Le poulet

Les poulets qui nous sont proposés chaque mois viennent de Beaurainville (62) et plus précisément de la ferme du Monthois, chez François Dollé.

Après avoir passé un diplôme d’ingénieur en génie industriel et travaillé deux ans dans ce domaine (il habitait alors Wattrelos !), François et son épouse Elodie ont décidé de revenir vivre à la campagne et de se lancer dans une activité agricole, en s’installant sur la ferme de sa mère, Brigitte, éleveuse de bovins.

Les premiers poussins sont achetés en 2014 et François peut se mettre à son compte en 2017 en reprenant une dizaine d’hectares dédiés à son atelier de production de volaille de chair en agriculture bio. Et cette année, avec le départ en retraite de sa mère, c’est 30 hectares de plus qui vont lui permettre de diversifier sa production.

Des poulets bien élevés

« J’achète chaque mois un lot de 450 poussins, âgés d’un ou deux jours, à un couvoir conventionnel car il n’existe pas de couvoir bio. Je les élève pendant 3 mois à 3 mois et demi (le minimum en bio, c’est 81 jours, je les garde 90 à 110 jours). Ils ne sont nourris que d’aliments bio : blé, triticale, maïs, pois protéagineux ou soja. Au début – 4 semaines ou plus selon la saison – ils sont enfermés, mais dans un grand poulailler, sous des lampes chauffantes. Puis je commence à ouvrir. »
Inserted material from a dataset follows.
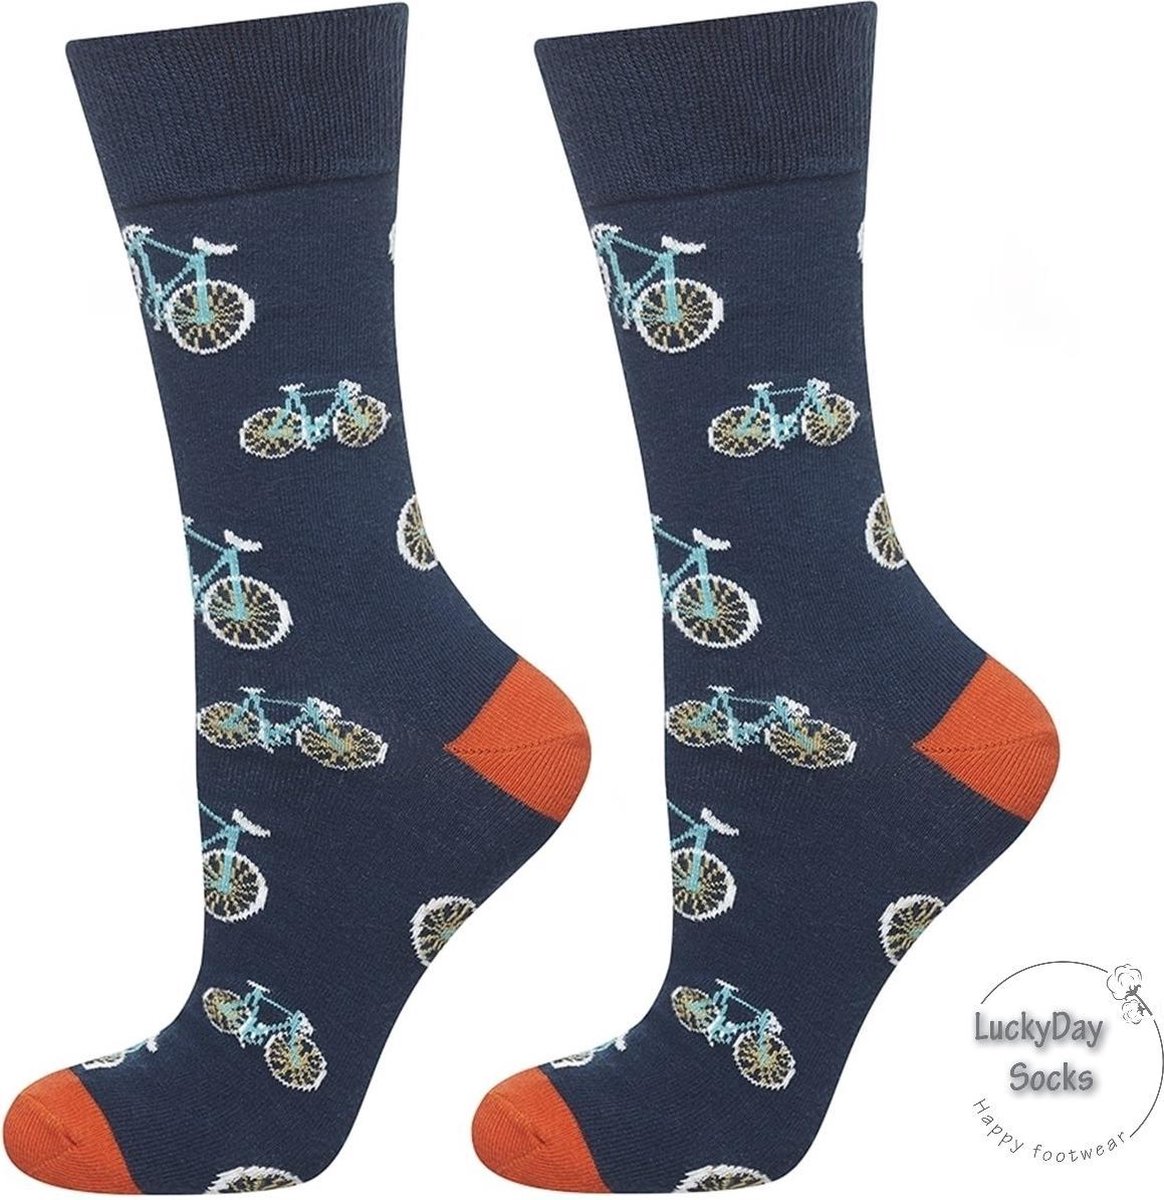 Gezellige sokken in het donkerblauw met wit afgebeelde fietsen.

L’élevage de volailles est assez contraignant : il faut remplir les abreuvoirs et apporter à manger régulièrement, changer la paille pour que le sol reste propre et surtout être vigilant sur l’état de santé des poussins. Une partie sanitaire à laquelle il a fallu se former, notamment avec l’association Gabnor auprès de vétérinaires spécialisés en aviculture.

Enfin, les poulets sont amenés à un abattoir proche, à Le Boisle (80). Puis François et Elodie les préparent en chambre froide, avant de les vendre, uniquement sur commande. Outre El Cagette, ils travaillent avec d’autres associations de consommateurs, quelques AMAP dans la Somme et à Lille et un réseau de vente directe. Ils n’ont pas de salariés, seulement de temps à autre, l’aide de wwoofeurs.

Aujourd’hui, le couple commence à élever également des pintades et possède un petit élevage bovin. C’est de chez lui que vient le veau qui nous est proposé.